To remedy the loss of spatial details mentioned above, researchers widely utilize the U-shape structure [1, 25, 35]. By fusing the hierarchical features of the backbone network, the U-shape structure gradually increases the spatial resolution and fills some missing details. However, this technique has two drawbacks. (1) The complete U-shape structure can reduce the speed of the model due to the introduction of extra computation on high-resolution feature maps. (2) More importantly, most spatial information lost in the pruning or cropping cannot be easily recovered by involving the shallow layers as shown in Fig. 1(b). In other words, the U-shape technique is better to regard as a relief, rather than an essential solution.

Based on the above observation, we propose the Bilateral Segmentation Network (BiSeNet) with two parts: Spatial Path (SP) and Context Path (CP). As their names imply, the two components are devised to confront with the loss of spatial information and shrinkage of receptive field respectively. The design philosophy of the two paths is clear. For Spatial Path, we stack only three convolution layers to obtain the 1/8 feature map, which retains affluent spatial details. In respect of Context Path, we append a global average pooling layer on the tail of a lightweight model [8], where the receptive field is the maximum of the backbone network. Figure 1(c) shows the structure of these two components.

In pursuit of better accuracy without loss of speed, we also research the fusion of two paths and refinement of final prediction and propose Feature Fusion Module (FFM) and Attention Refinement Module (ARM) respectively. As our following experiments show, these two extra components can further improve the overall semantic segmentation accuracy on both Cityscapes [9], CamVid [2], and COCO-Stuff [3] benchmarks.

Our main contributions are summarized as follows:

  • We propose a novel approach to decouple the function of spatial information preservation and receptive field offering into two paths. Specifically, we propose a Bilateral Segmentation Network (BiSeNet) with a Spatial Path (SP) and a Context Path (CP).

  • We design two specific modules, Feature Fusion Module (FFM) and Attention Refinement Module (ARM), to further improve the accuracy with acceptable cost.

  • We achieve impressive results on the benchmarks of Cityscapes, CamVid, and COCO-Stuff. More specifically, we obtain the results of 68.4% on the Cityscapes test dataset with the speed of 105 FPS.

2 Related Work

Recently, lots of approaches based on FCN [22] have achieved the state-of-the-art performance on different benchmarks of the semantic segmentation task. Most of these methods are designed to encode more spatial information or enlarge the receptive field.

Spatial Information: The convolutional neural network (CNN) [16] encodes high-level semantic information with consecutive down-sampling operations. However, in the semantic segmentation task, the spatial information of the image is crucial to predicting the detailed output. Modern existing approaches devote to encode affluent spatial information. DUC [32], PSPNet [40], DeepLab v2 [5], and Deeplab v3 [6] use the dilated convolution to preserve the spatial size of the feature map. Global Convolution Network [26] utilizes the “large kernel” to enlarge the receptive field.

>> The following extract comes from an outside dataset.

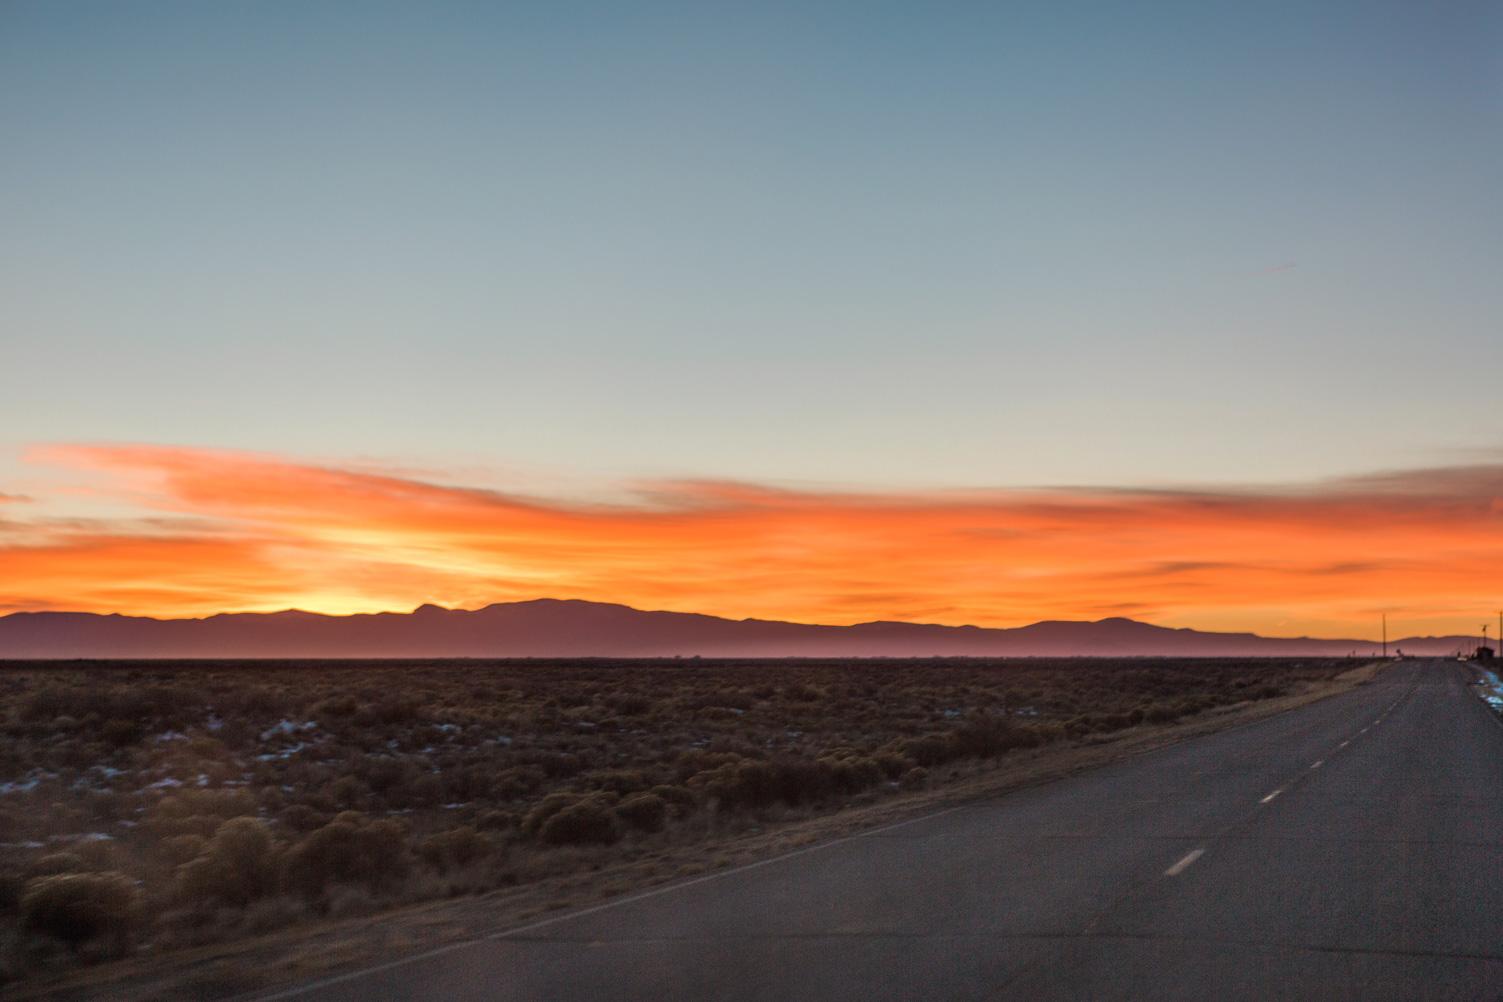 CindyGiovagnoli_Great_Sand_Dunes_National_Park_NPS_Colorado_roadtrip-020.jpg

U-Shape Method: The U-shape structure [1, 10, 22, 24, 27] can recover a certain extent of spatial information. The original FCN [22] network encodes different level features by a skip-connected network structure. Some methods employ their specific refinement structure into U-shape network structure. [1, 24] create a U-shape network structure with the usage of deconvolution layers. U-net [27] introduces the useful skip connection network structure for this task. Global Convolution Network [26] combines the U-shape structure with “large kernel”. LRR [10] adopts the Laplacian Pyramid Reconstruction Network. RefineNet [18] adds multi-path refinement structure to refine the prediction. DFN [36] designs a channel attention block to achieve the feature selection. However, in the U-shape structure, some lost spatial information cannot be easily recovered.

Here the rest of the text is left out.